LiteLLM treats spend tracking as a first-class control-plane feature with a required Postgres backend and five built-in attribution scopes including a per-request tags array. Portkey leads on observability ergonomics, attaching custom metadata via the x-portkey-metadata header and surfacing it in logs, traces, analytics, and OTel exports. Both work; LiteLLM feels like a billing system, Portkey feels like a Datadog for LLMs.

Can a custom OpenAI proxy give me accurate per-tenant cost attribution?

Yes, but it is rarely worth it. A DIY proxy requires you to maintain the price map manually for every provider, cache discount, batch tier, and structured-output rate, plus build your own metadata convention and logging pipeline. Expect 2 to 6 engineer-weeks to MVP and continuous maintenance for every new model release, which scales with provider coverage rather than traffic.

Why do my gateway traces have empty tenant tags even though I attached metadata?

This is the metadata propagation problem and it is almost always an application-side leak, not a gateway bug.

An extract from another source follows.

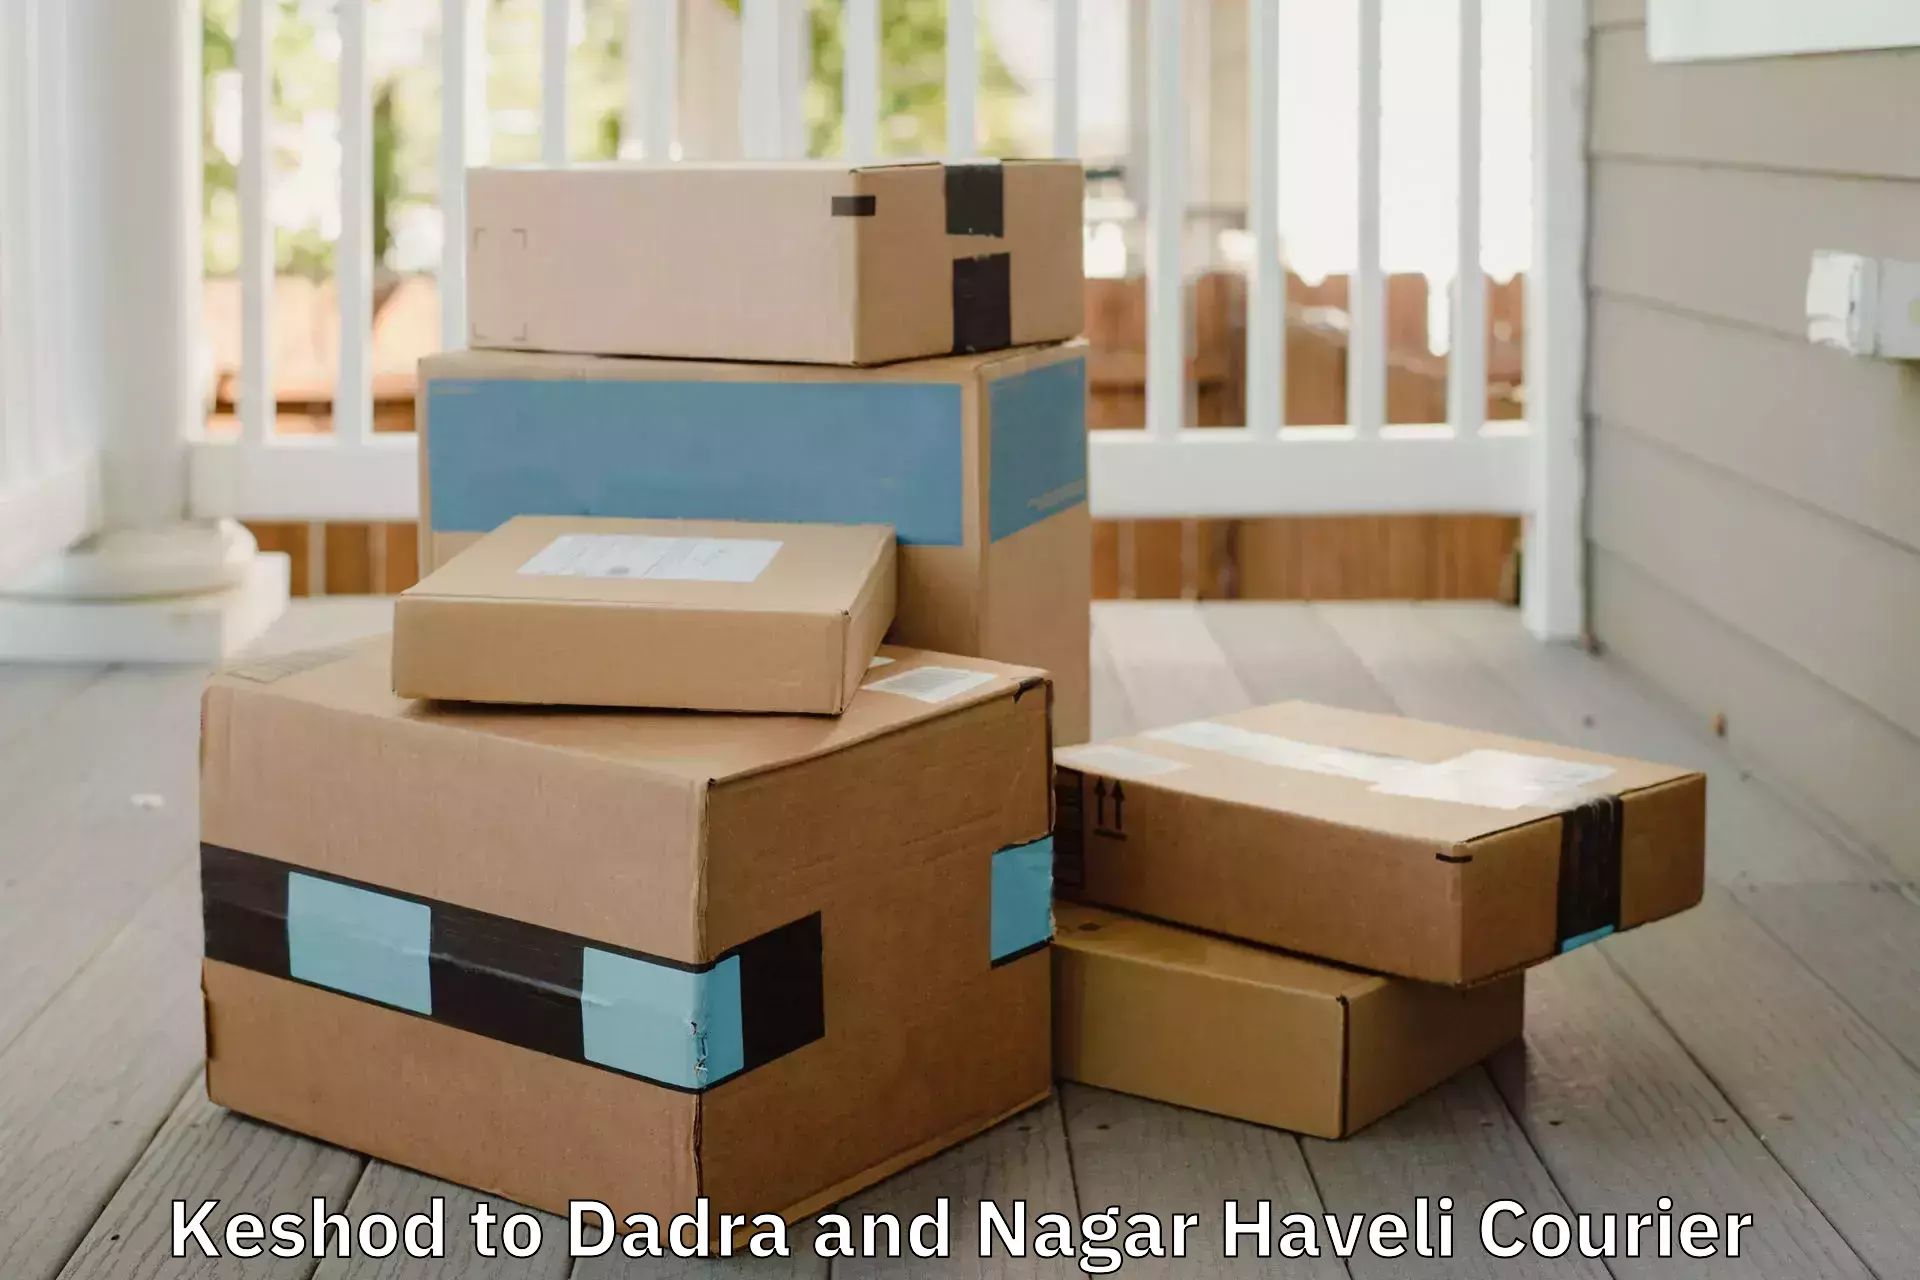 Trusted moving company Keshod to Dadra and Nagar Haveli

Common culprits are LangChain callback context lost across asyncio.gather, LangGraph subgraphs that re-instantiate the LLM client without forwarding parent metadata, and OpenAI Assistants v2 runs that do not pass run-level metadata into the underlying chat completion call.

Does LiteLLM or Portkey emit OpenTelemetry GenAI spans by default?

Yes, both emit spans that conform to the OpenTelemetry GenAI semantic conventions, including gen_ai.usage.input_tokens, gen_ai.usage.output_tokens, gen_ai.request.model, and gen_ai.response.model. A DIY OpenAI proxy must implement these by hand. Without conforming spans, downstream FinOps tooling cannot stitch the gateway data into a unified cost model.

How do I verify that my chosen gateway is actually attributing cost correctly?

Capture a representative sample of production traces, walk the parent-to-child span chain, and confirm each span carries the tenant_id and workflow_id you expect at every hop. The AI Cost Attribution Auditor automates this check: it ingests a sample gateway trace and reports which metadata fields survived to the export and which leaked, so you can fix propagation before you build chargeback on top of it.